Но всякий раз промерзшему бродяге
К ногам бросаю жалкий медный стыд,
Чтоб этот грязный, нищий бедолага
Хоть на недолго оказался сыт.
Ведь так мое растоптанное сердце
Взывает к небу о твоей любви…
Но лишь случайным удается греться
И на немного о тебе забыть.
Ночной порой в бессонные минуты
Все жду подачки, что пропащий тот.
И также рад, как он монете гнутой,
Глазам любимым, если повезет.
И от того внутри обосновались
Иные дали, что зажгли во мне
Не к женщинам неясную усталость,
А сострадание к убогим на земле.
Алешкино горе
Тот светлый и очень короткий период, именуемый отрочеством, для Алешки наступил в Отрадо-Кубанской, когда родители оставили его в станице на все лето. Из опасения за "дробненького" внучка(так на Кубани называют тщедушных, хиленьких детей) в круг местной шпаны Алешку ввела бабушка, определив в опекуны "городскому гусю" крепкого и разбитного Борьку с наказом не давать мальца в обиду. Местная братия из озорства и, таким образом закаляя характер, просто обожала драки без всякого на то повода. Вздувшаяся губа, опухший нос или синяк под глазом у станичной пацанвы обычное, не стоящее внимания украшение. Тем же вечером сердобольная бабушка оповестила об этом свою соседку – Иваненчиху Ленку, Борькину мамку, для пущей уверенности в безопасности наследника.
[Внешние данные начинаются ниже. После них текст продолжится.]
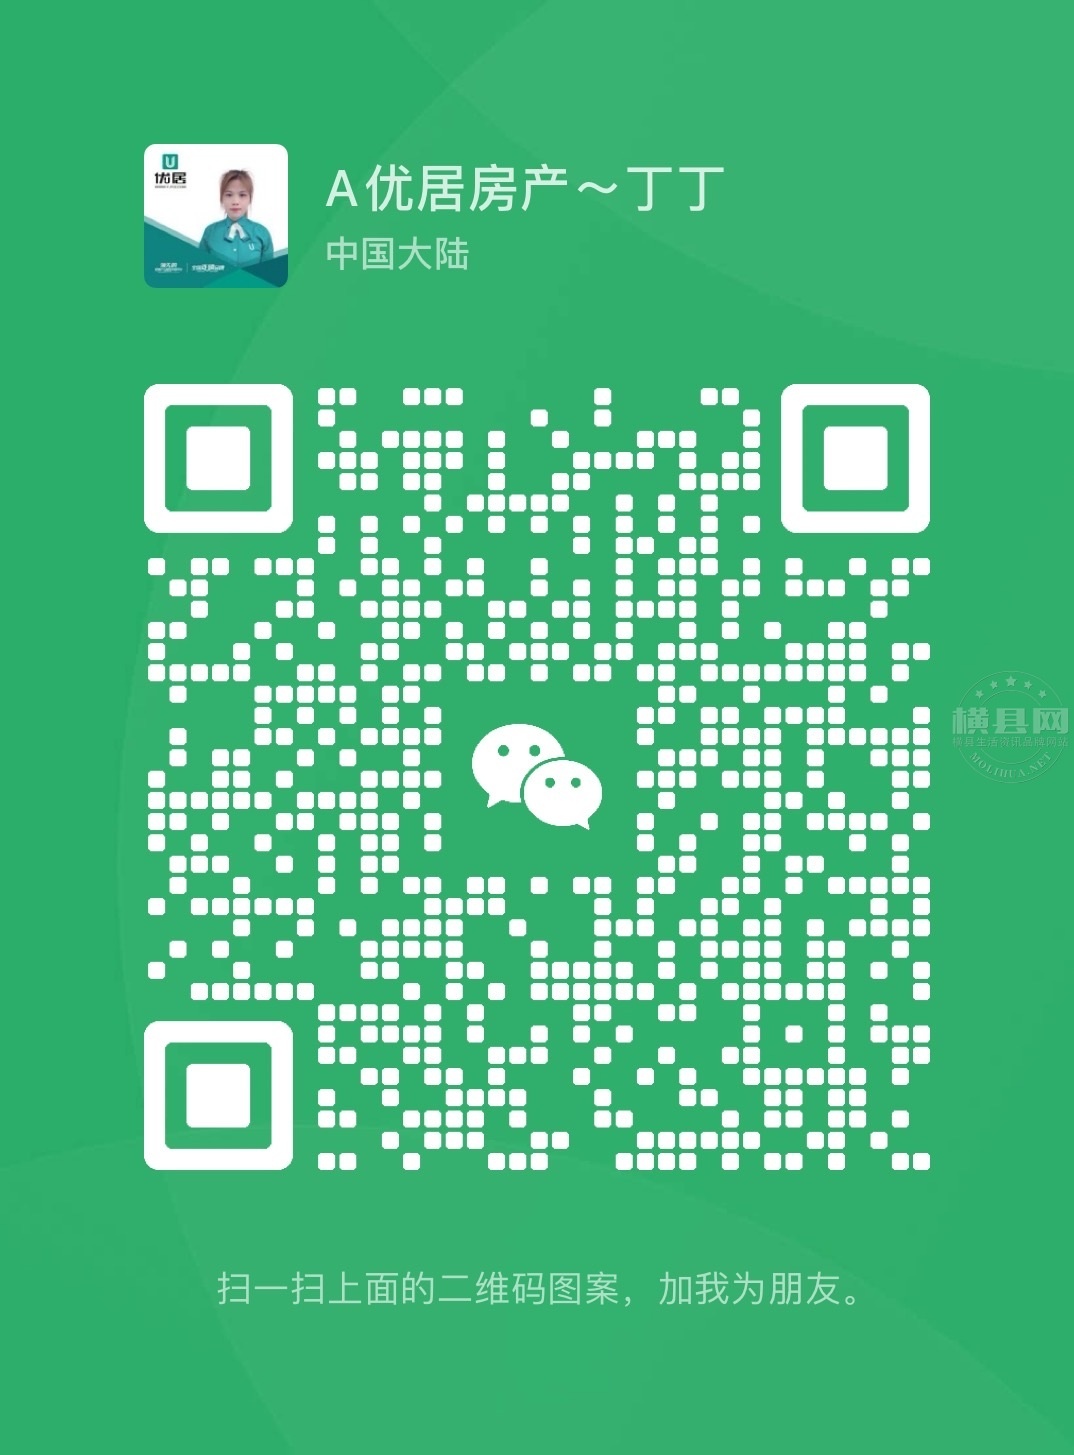 wechat_upload17148145356635fe473a909

А потому, как Борька был на целых шесть лет старше, то он быстро смекнул, что пустая обуза ему ни к чему, и тут же сбагрил "балласт" своему младшему брату Леньке. Тот же, будучи забиякой и драчуном, в благотворительность не верил и обнаруживать в этой блажи даже мало-мальский интерес не собирался. По этой причине не менее сообразительный брательник и впарил Алешке в друзья своего ровесника Витьку Гембуха, который от рождения был слабоумным и не ходил в школу, да в довесок пятилетнего Генку Булкина. Таким образом какие-никакие условия безопасности приезжему были созданы и случись что, свалить вину было на кого. Волею судьбы Алешка оказался в самой наивыгоднейшей для новичка позиции. Внешних врагов компании из трех мальчишек да на своей территории вряд ли найтись. Витька естественно был сильнее, но и отчаянно глуп. А Генку Алешка запросто мог обогнать в беге. Из этого выходило, что первого всегда можно провести, а в случае вынужденного драпа схватят второго. И закрутилось.